I felt on the verge of comprehending something when my teacher, who was really my mother, commanded me to the board to diagram “Bright Lights.” I was at the board with a plan, a list of classic ’70s rock influences—the usual suspects like Led Zeppelin and Black Sabbath, the not so apparent ones like King Crimson and Badfinger, and sprinkled with more recent touchstones like Boris, Sleep, and even Radiohead. I could visualize the DNA wave in my head: the influences formed the nucleotides, and all of it twisted by a haze of marijuana. But the chalk kept disappearing in my hand. Whenever I went to get more, it also disappeared, grinding down to nothing on the board. I was panicking; the music was a quasi-chromatic intoning of the title. It felt like it was supposed to be scary, but it was actually pretty silly: the chalk was way scarier. I turned to face the class, and remembered my nakedness. Just then, the door burst open from a torrent of salt water. Loud guitar riffing was heard. I ignored my classmates and tried to keep my head above water. When I finally submerged, I find I could breathe underwater again. The music responded accordingly, filled with gurgles and indistinct vocal moaning. I swam to the surface of the water, a glimmering orange and black. When I submerged, the music again changed dramatically—and where was this music coming from. I intuited something wasn’t normal, but again right before the moment of understanding I was distracted. The air was on fire, like Mordor: bits of brimstone flew by me in tandem with the drum fills. None of it hurt me, but I knew I had to get back under the water. I turned back to swim, but the water had dried up: the music dissolved in a final echo, and I was trapped in the fire. Now I really panicked.

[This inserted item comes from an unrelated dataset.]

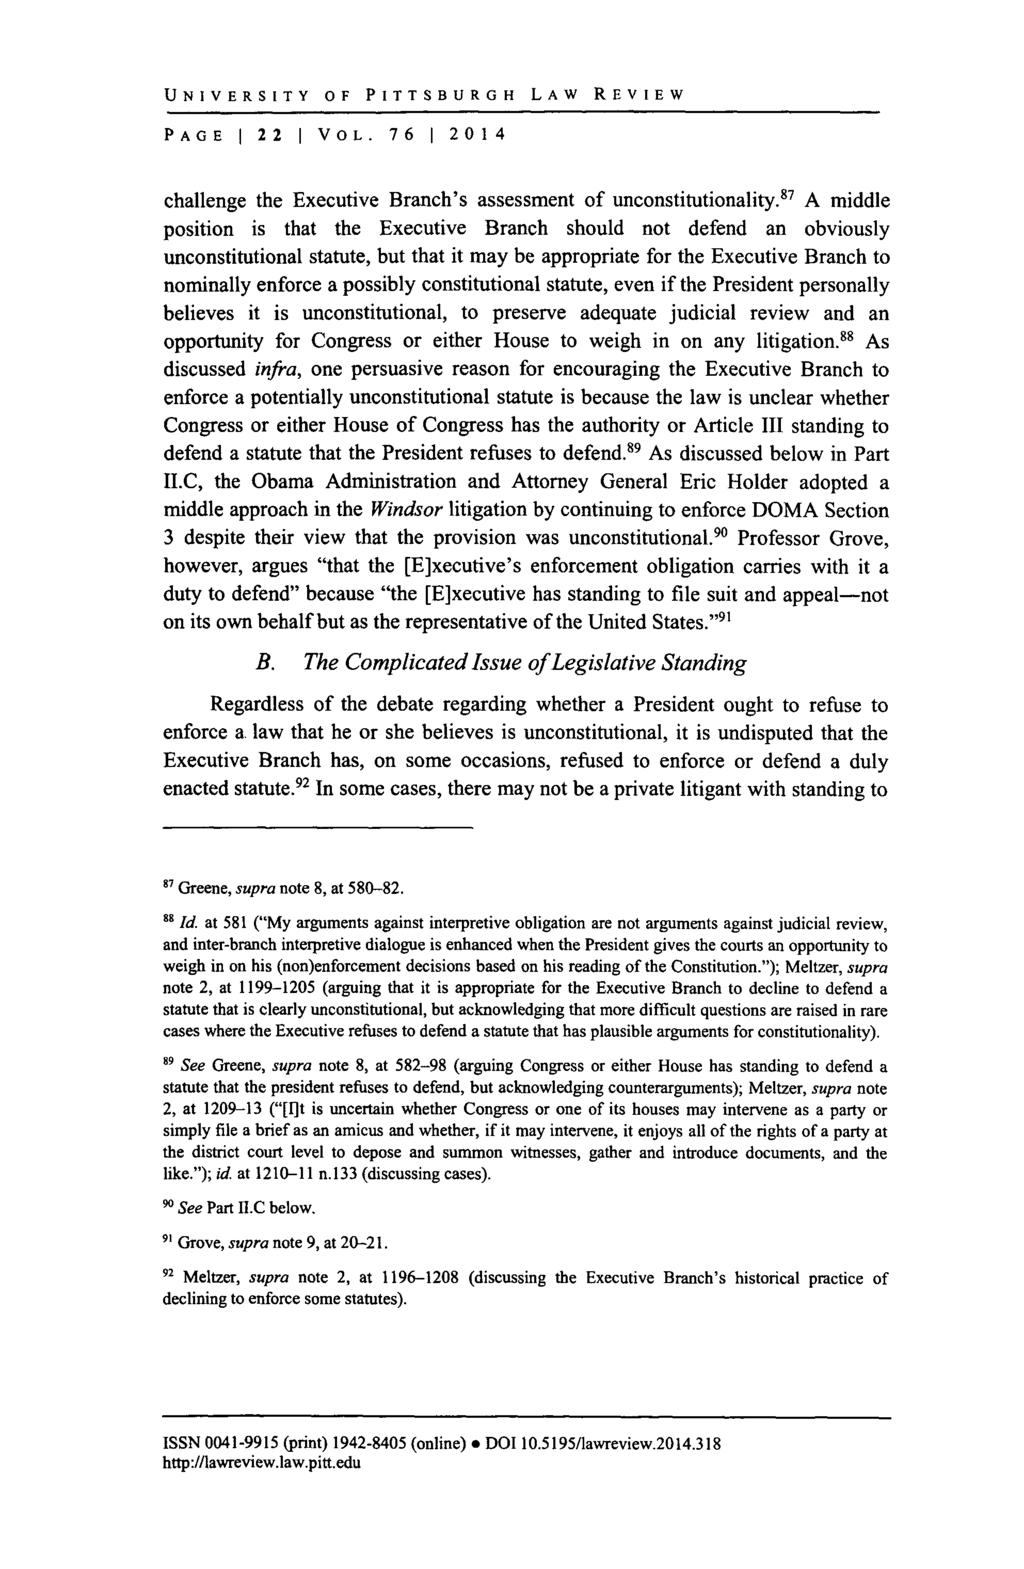 UNIVERSITY OF PITTSBURGH LAW REVIEW PAGE I 22 I VOL. 76 1 2014 challenge the Executive Branch's assessment of unconstitutionality.

At this moment I heard what sounded like “When the Levee Breaks.” In fact, it was exactly “When the Levee Breaks”—it was my cell phone’s ring-tone. Scared by its ring, I stood up in bed and answered it. On the other line was Scott, Cokemachineglow editor and known organized crime boss. “Toph-uh, baby,” he said, and I could hear the cigar in his teeth. “Listen, I know it’s been a while, but something came up. Nool’s in law enforcement now and we have to make the Glow a little more, uh, respectable, if you know what I mean. I was wondering if you could give us a few sentences on the new Black Mountain album for this week’s review. No big concepts, no one act plays, no time travel: just two sentences that sum up the album. We have an, um, intern to fill in the rest for you. You’re on! Go!”

I was awake alright. “Um, In the Future is a great second act, blah blah blah, a consolidation of strengths, blah blah, better songwriting and more ideas, something something Foucault, Led Zeppelin, stoner rock. Um.” I tried to recall my dream. “It reminds me a lot of being in High School.” There was a pause. “Will that be helpful?”

I heard Scott say something in Spanish to someone, and then he returned to the phone. “That will be perfect, Alexander.” And the phone went dead.